Nasıl yapıcaktım ki ben bu dediğini?  İkisinide kabul etmem neredeyse imkansızdı. Bir başkasının çocuğuna nasıl bakabilirdim ki?  Bakmayı bırak nasıl sevebilirdim ben onu. Neymiş ben sevmezsem oda sevmezmiş! Bu adam gerçekten cani. İnsan kendi çocuğunu nasıl sevmez?  Ay defne gene olmayan şey için kendini yiyip bitiriyorsun. Kağıt üzerinde olan evliliği gerçek yapsam nasıl olacak? Sırf kendi benciliği yüzünden aileme sırtımı döndüm. Evet haklı ama annem suçsuzdu. Yok böyle olmucak benim ikinci bir beyne ihtiyacım var. Nihaaaan! Nihaaan diye diye odasına gittim. "Nihan kaysana azcık" diye dürttüm. Gözünü yarı açarak "kızım gene mi ya! Ne arıyorsun sen burada? Ömer nerede?"diye sordu. Daha üzerimi görmedi ondan sakin tabii. "Ya nihan bir kere de yanına geldiğimde ahiret soruları sorma. Gel de ya" diyerek sitem etmiştim.

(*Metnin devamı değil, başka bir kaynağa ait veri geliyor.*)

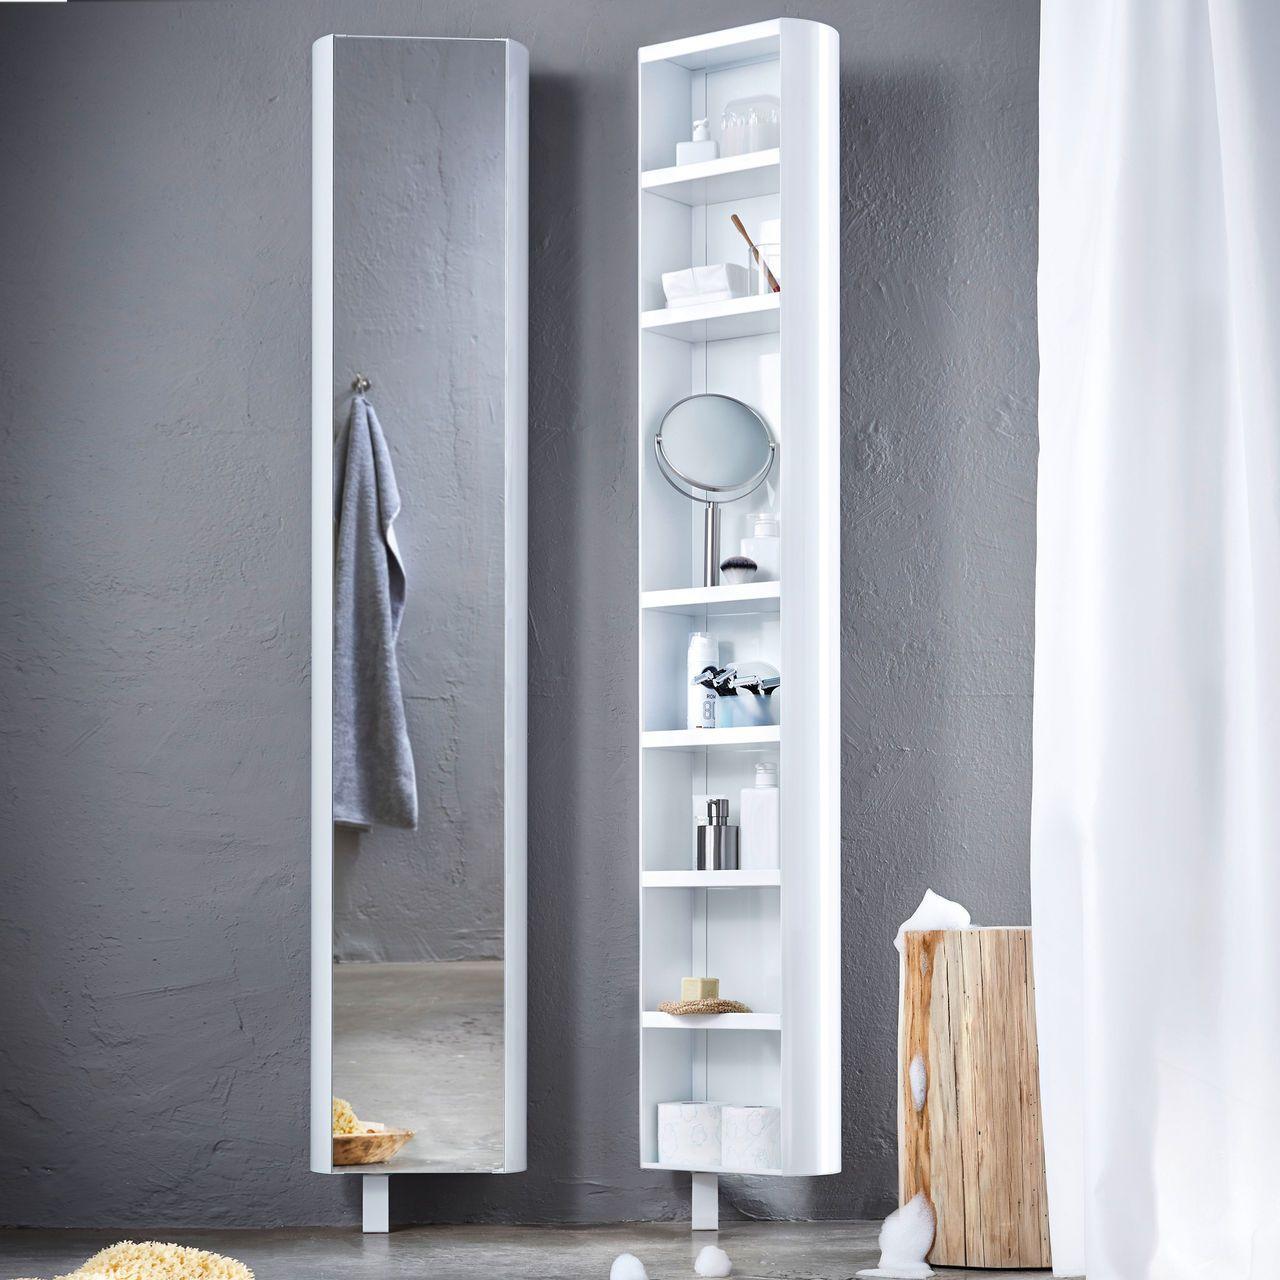 Dieses Regal Von Jan Kurtz Hat Den Dreh Raus Regal Spiegelschrank Bad Mobel Shop

Yurtta da hep böyle yapıyordu. Gözlerini açıp yorganını kaldırarak "gel baş belası" dedikten sonra "ohalar başıma bu ne hal defne!?" diye sordu. Bekliyordum da böyle pat diye sorunca insan şey oluyor. Gözleri ile "yoksa" diye sorar oldu.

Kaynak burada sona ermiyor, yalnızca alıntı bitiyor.